* [Task statement] Write out exactly the lines below from the one containing "A Dan Small" to the last, both ends kept, and nothing more; skip all pictures.

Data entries
- - - - - - -
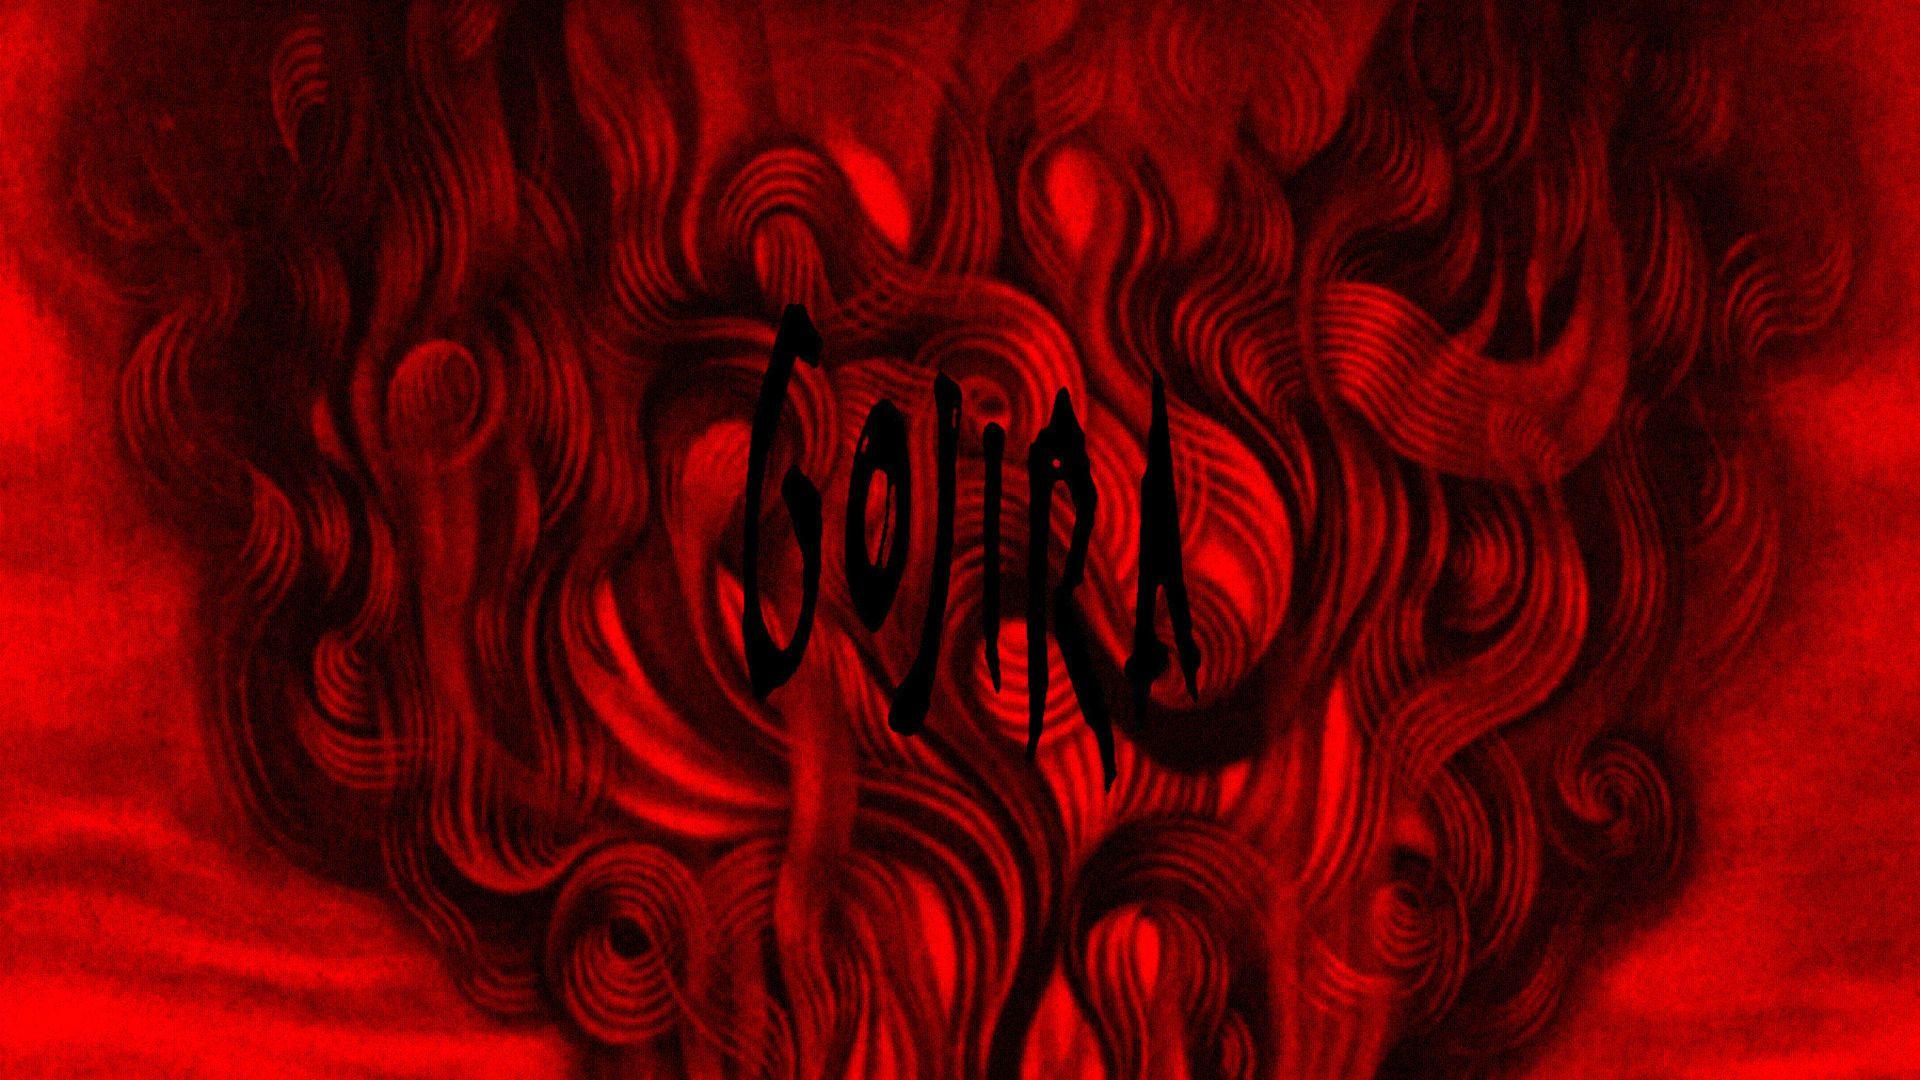 Download Gojira wallpapers for mobile phone free Gojira HD pictures
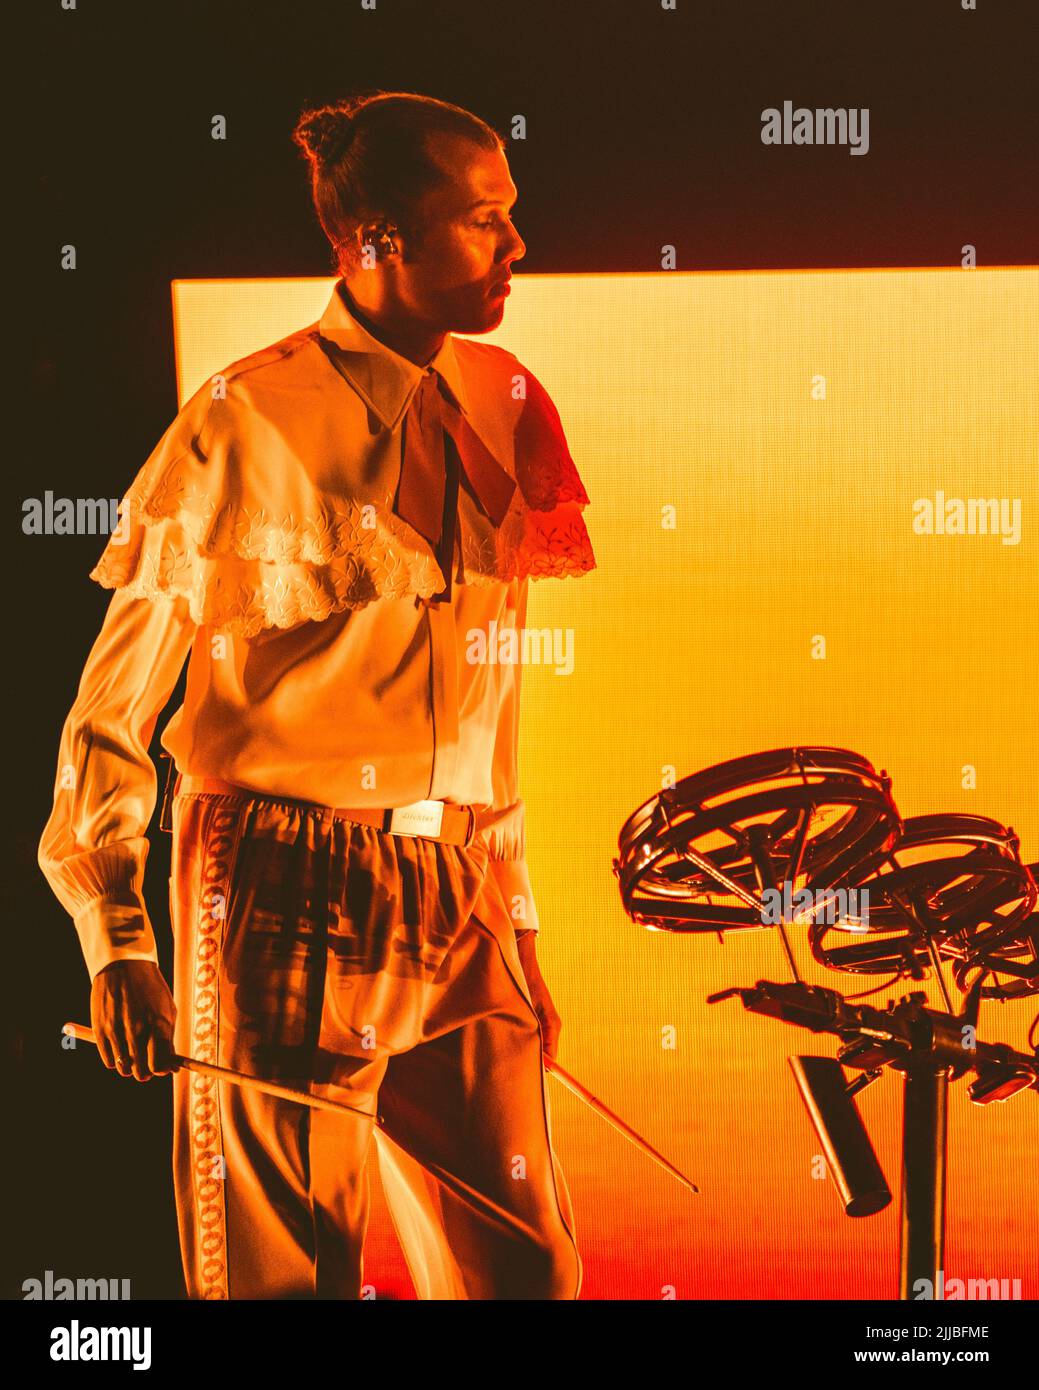 20/07/2022 - Belgian rapper and producer STROMAE performing live at Milano Summer Festival / Ippodromo SNAI, Italy Stock Photo
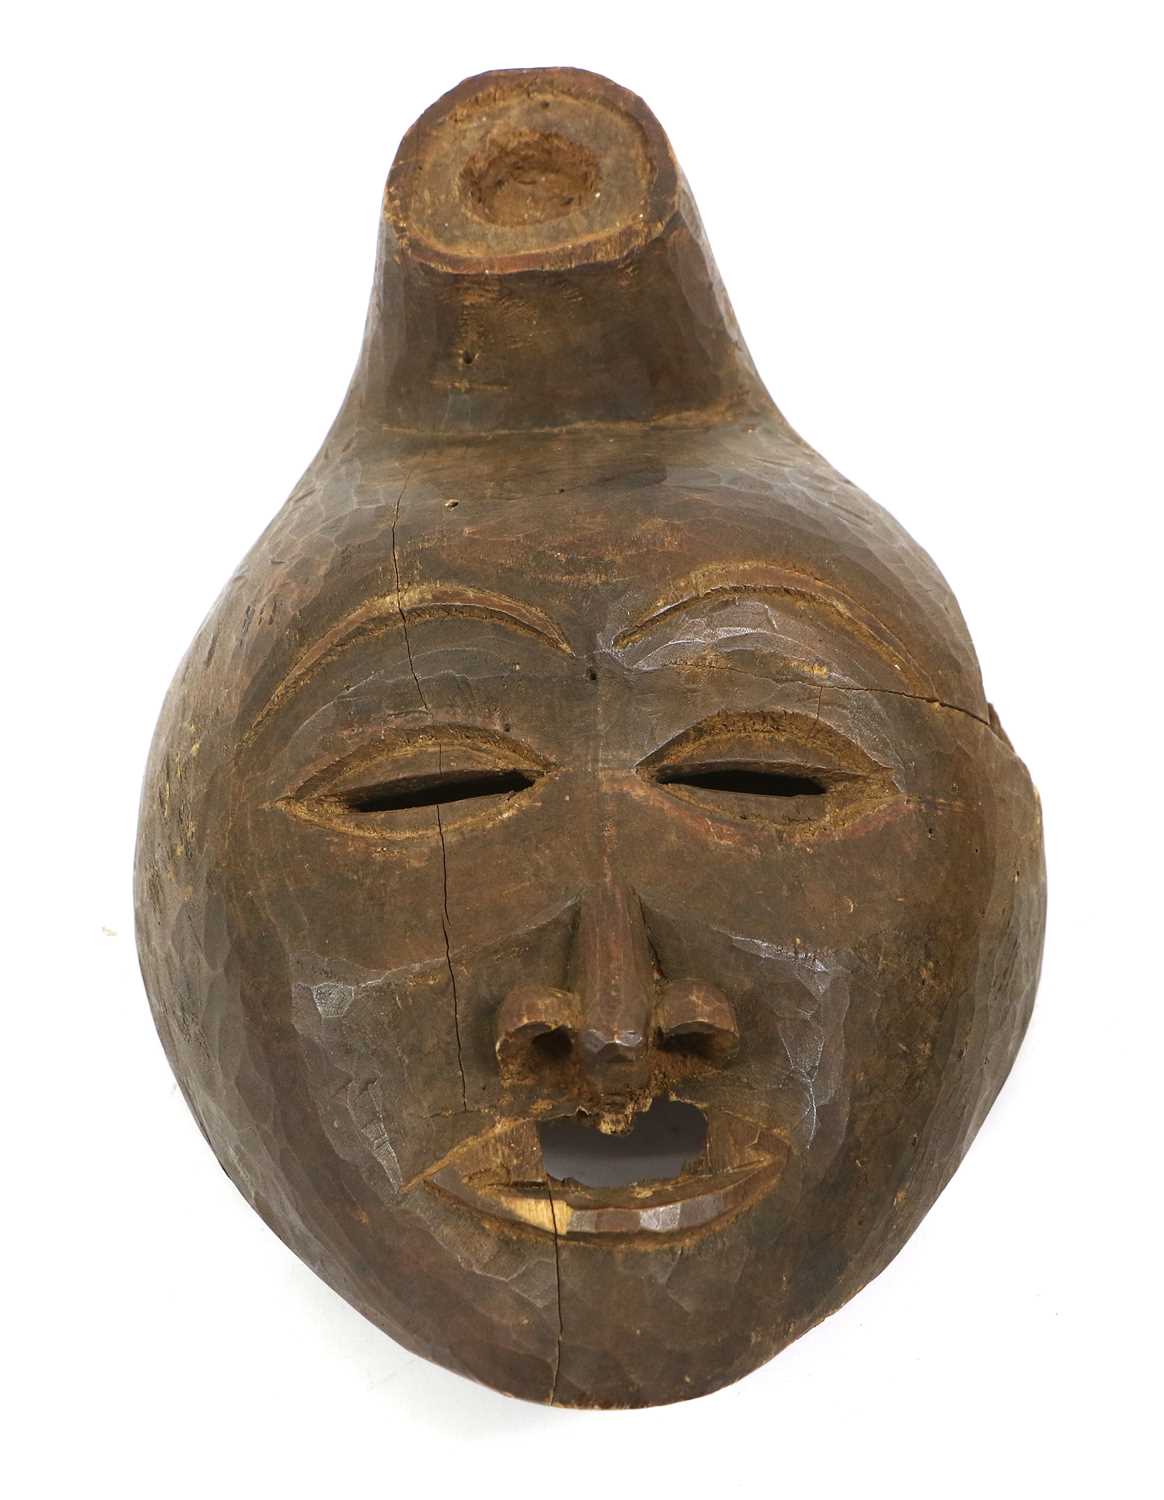 A Dan Small Carved Wood Mask, Ivory Coast, with heart shape face, pierced swollen eyelids, long nose - Image 2 of 6
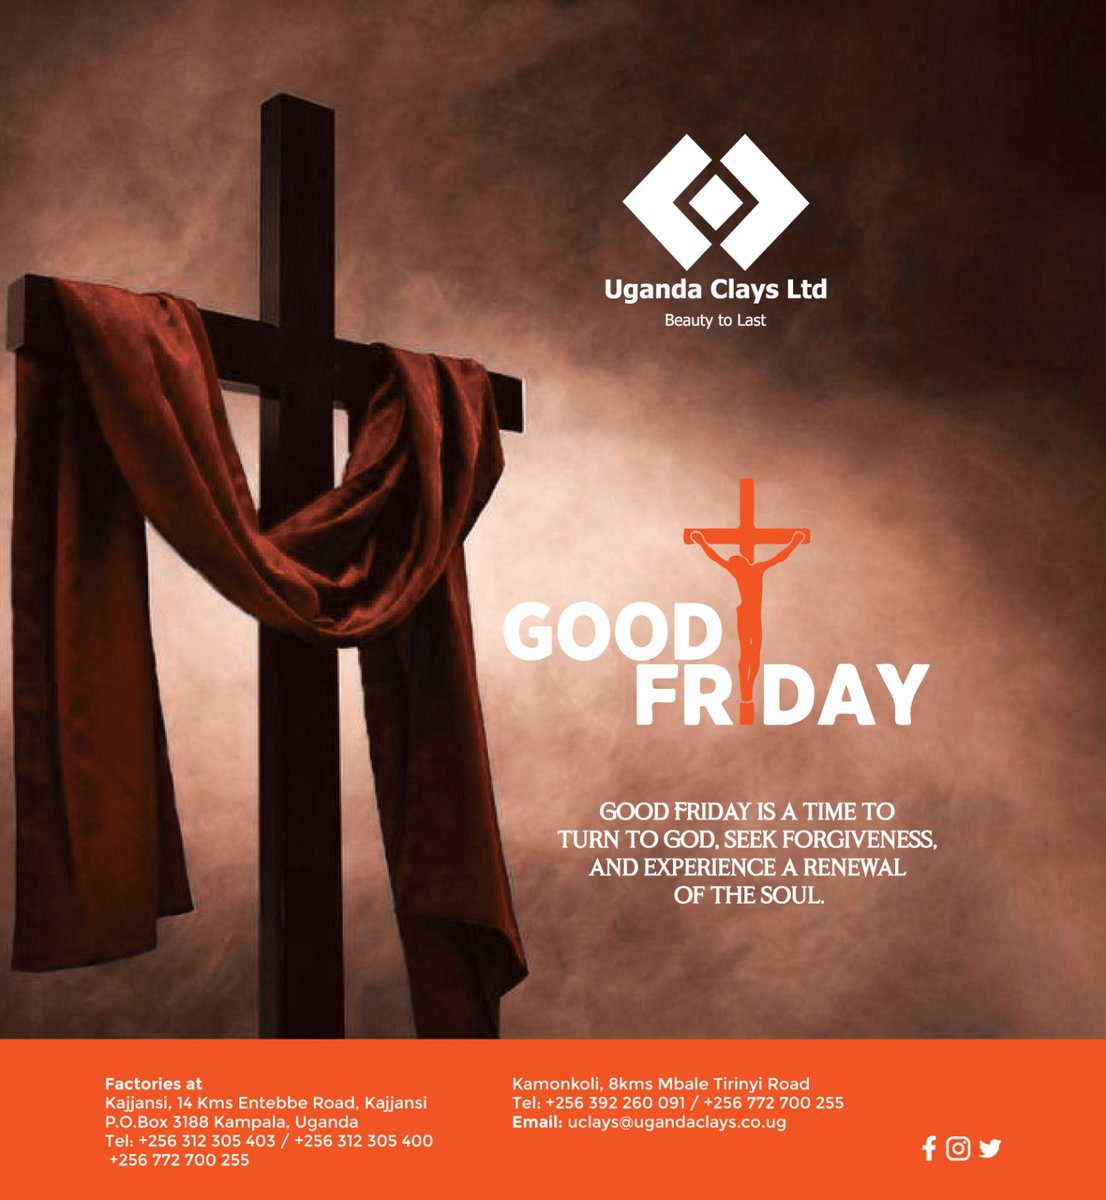 As we observe good Friday, may we be reminded of the immense love of God and the redemption it brings. Have a solemn and reflective day.
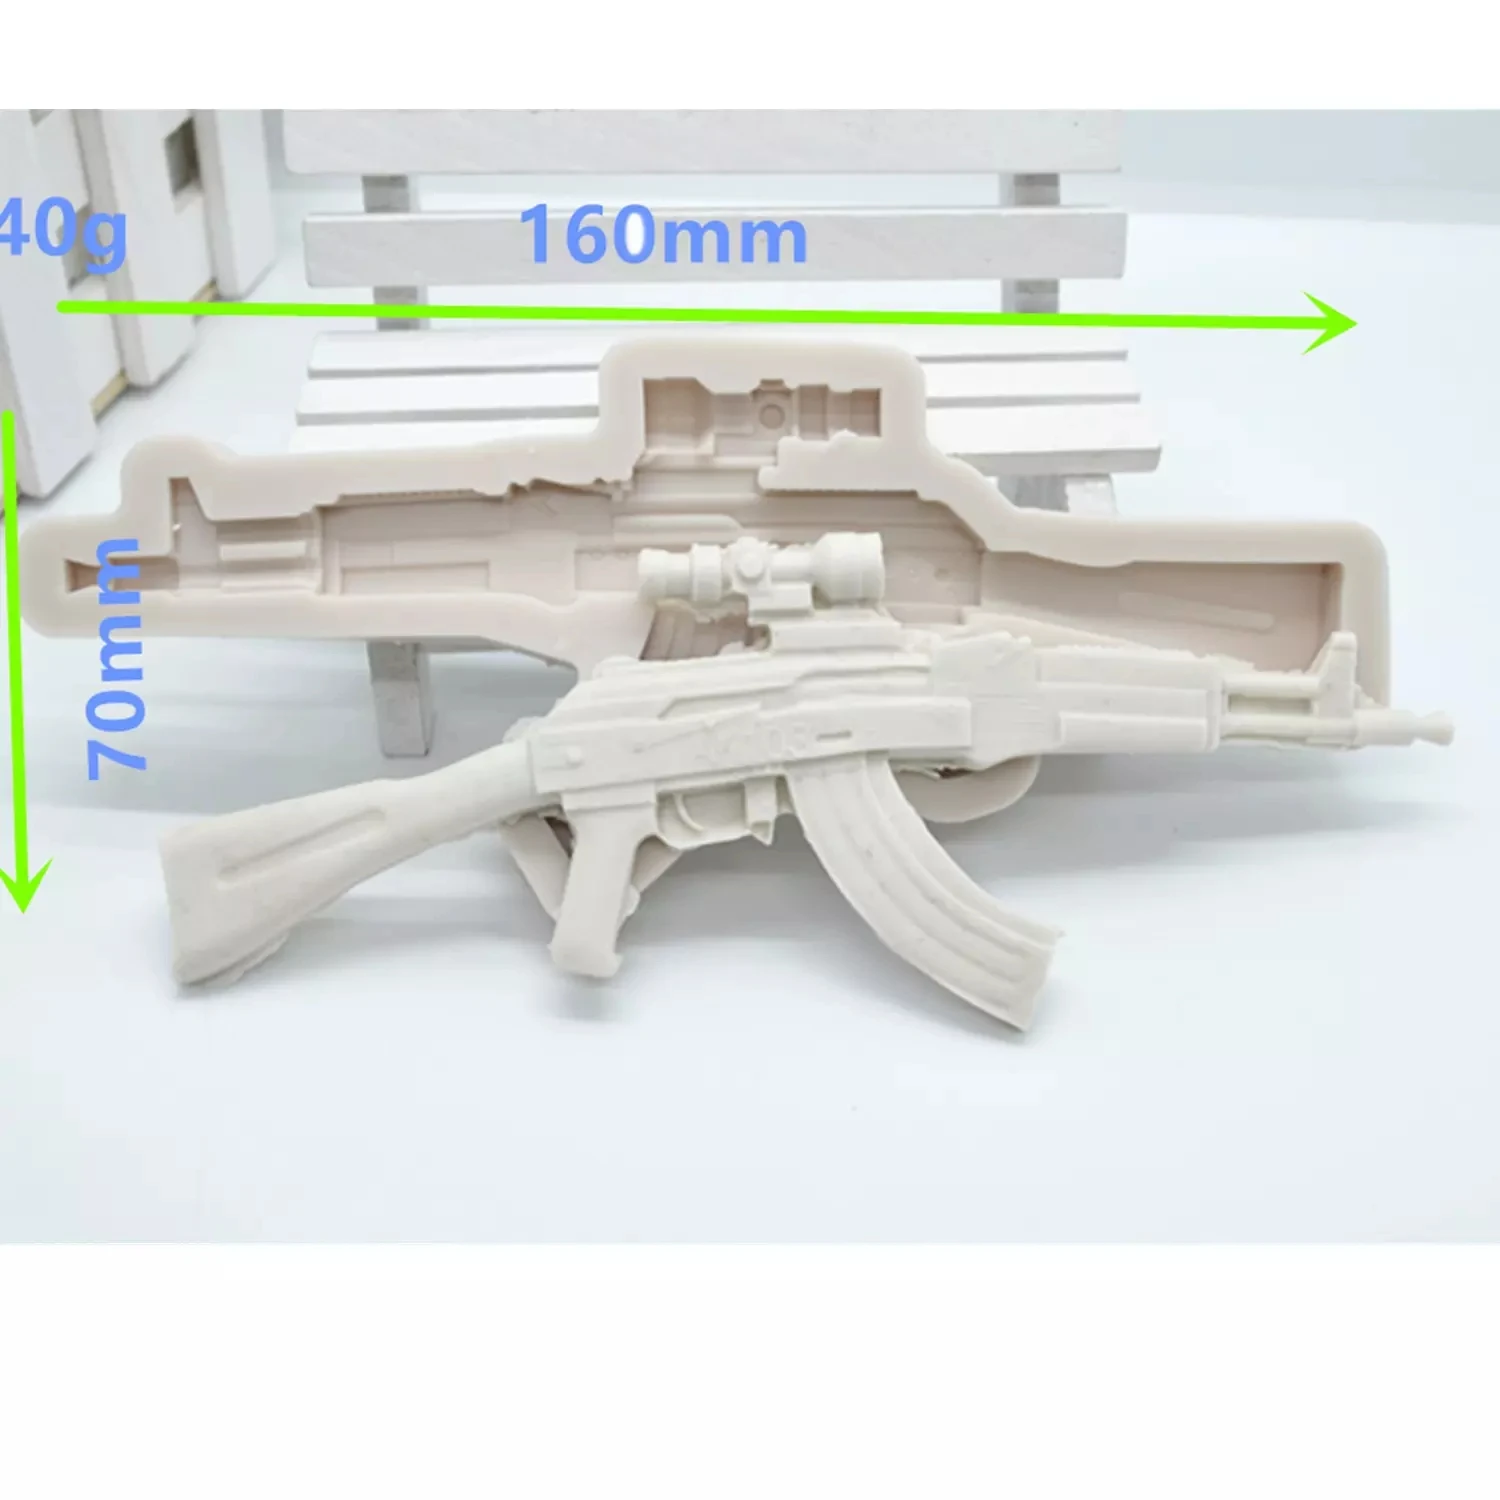 

3D MA41 Gun Shape Fondant Resin Silicone Mold for DIY Pastry Cupcake Cake Dessert Plaster Lace Decoration Baking Tool Kitchen
- - - - - - -
* [Answer below]
 A Dan Small Carved Wood Mask, Ivory Coast, with heart shape face, pierced swollen eyelids, long nose - Image 2 of 6
 As we observe good Friday, may we be reminded of the immense love of God and the redemption it brings. Have a solemn and reflective day.

3D MA41 Gun Shape Fondant Resin Silicone Mold for DIY Pastry Cupcake Cake Dessert Plaster Lace Decoration Baking Tool Kitchen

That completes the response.